During conception, the egg is fertilized by sperm in the fallopian tube and an embryo is formed. Fertilization usually happens in the part of the fallopian tube that is closest to the ovary and the embryo continues to develop (through cell division) as it travels back down the tube towards the uterus. The embryo usually reaches the uterine cavity about 5 or 6 days after fertilization. At this time, it is a blastocyst, or an embryo made up of about a hundred cells.
In an IVF cycle, a blastocyst forms in a culture system in a laboratory. Eggs are retrieved from a woman's ovaries, fertilized with sperm, and an embryo is created. The embryo divides and multiplies its cells over 5 to 6 days to become a blastocyst. Embryos that survive to this stage of development have a high implantation potential once transferred into the uterine cavity.
Allowing the embryos to grow from Day 3 (cleavage stage) to Day 5/6 (blastocyst) allows us to select the embryos with the highest chance of success. The primary benefit to the patient of using blastocyst stage embryo culture is that fewer embryos need be transferred into the patient because each day 5 embryo has a higher chance of implanting than a day 3 embryo does. Transferring fewer embryos greatly reduces the risk for twin or triplet pregnancies and the associated risks to the mother and child. Additionally, embryos that continue to grow to the blastocyst stage have a lower rate of chromosomal errors and therefore a higher chance of resulting in a healthy baby.
Blastocysts sizes are measured on a scale of 1 to 6. Early blastocysts, with fewer cells, are graded as 1 or 2. Because these have fewer cells and a poorly defined inner cell mass and trophectoderm (see below), they are not given any letter grades like the more advanced blastocysts are. Blastocysts that are further along in development are given expansion grades of 3 through 6, where 6 indicates an embryo that has completely hatched out of the zona pellucida (shell).
The inner cell mass represents the collection of cells that are destined to differentiate into the fetus/baby.
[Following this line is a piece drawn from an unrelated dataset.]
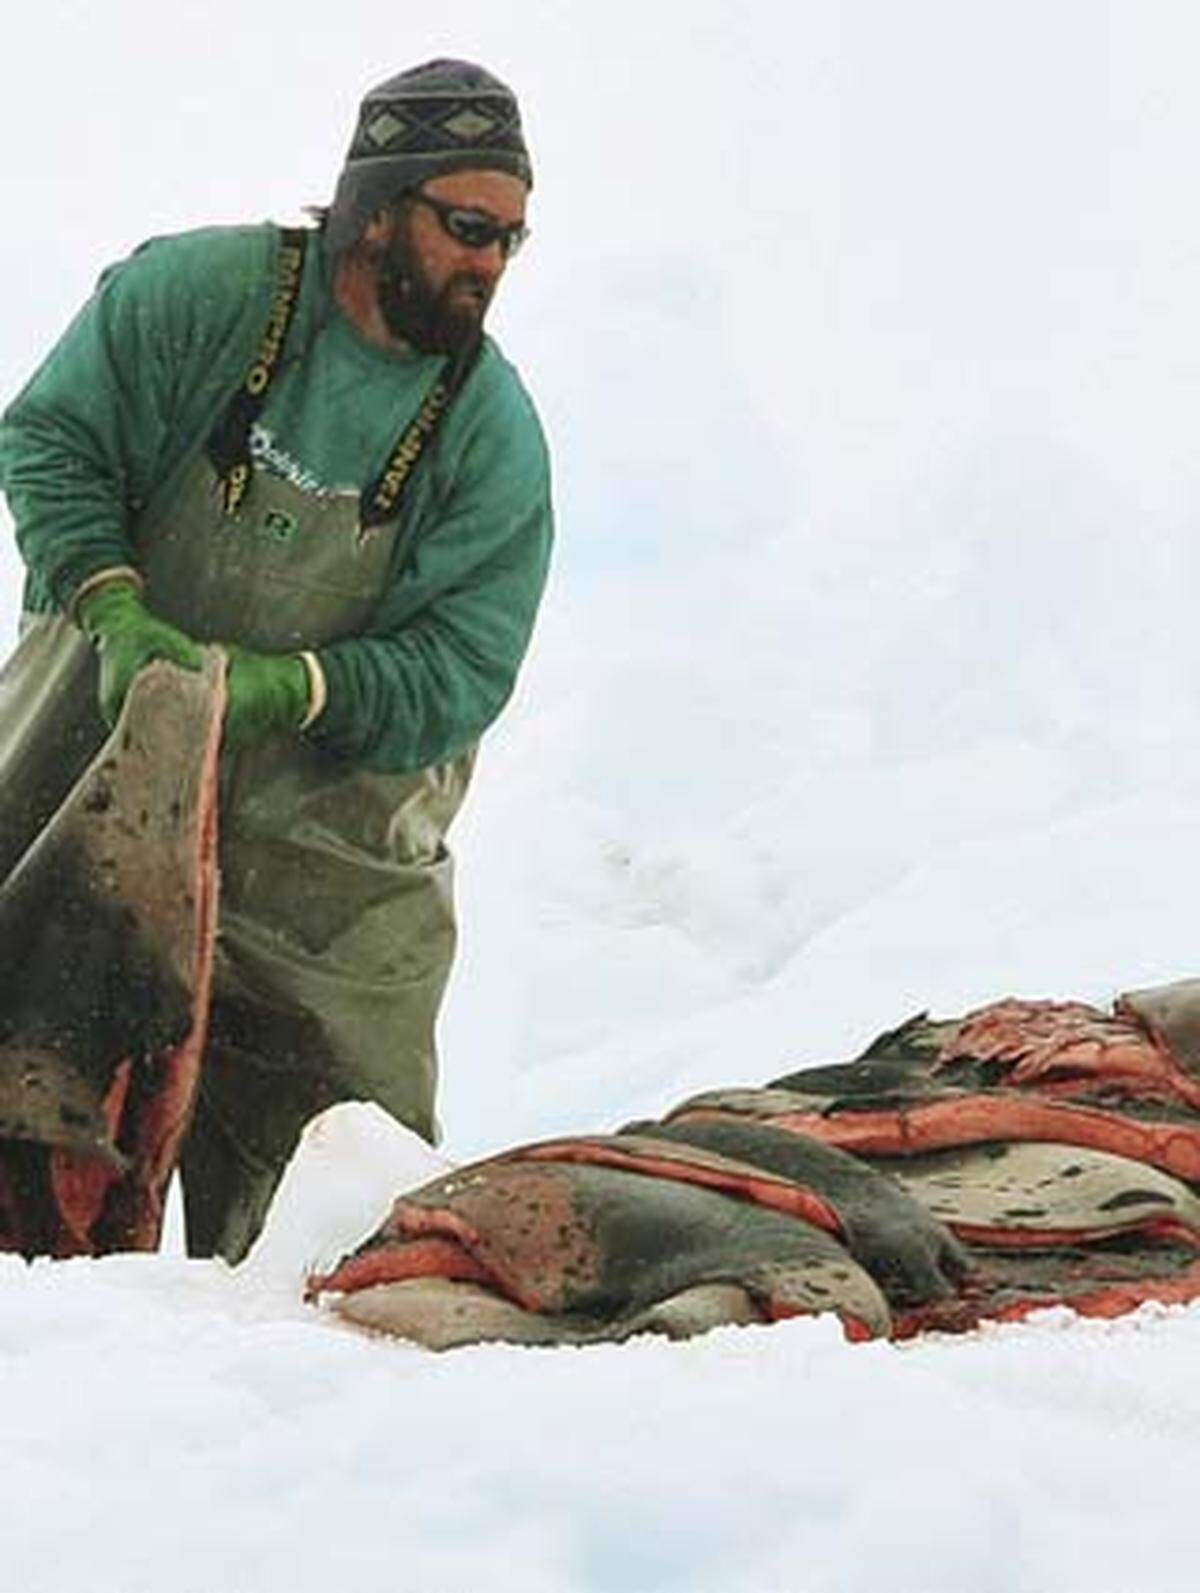 Die Regierung sagt hingegen, dass die Fangquote nach Beratungen mit Experten festgelegt wurde, "um sicherzustellen, dass der Robbenbestand erhalten bleibt".

This group of cells is given a letter grade of either A, B, or C. Grades A and B are most desirable and reflect a good number of cells with normal appearances. Therefore only those cells graded A or B are selected to be cryopreserved.
The trophectoderm represents the collection of cells that will become the placenta and are responsible for the initial invasion and implantation of the embryo into the uterine lining. This is also given letter grades of A, B, or C. Just as with the inner cell mass, grades A and B are most desirable.
Though embryos are graded to signify their stage of development, it is important to remember that the grade does not always reflect the true potential of an embryo. Specifically, there are embryos that receive less than ideal grades that frequently create beautiful babies. Embryo grading helps us determine how many embryos to transfer. It is important to remember that embryo grading is subjective and that IVF programs may vary somewhat in assigning grades to embryos.
2 Cell Grade (1) 4 Cell Grade (1) 8 Cell Grade (1) 8 Cell Grade (2) 8 Cell Grade (3) Blastocyst
Hatched Blastocyst
If you have further questions about IVF, feel free to contact us today.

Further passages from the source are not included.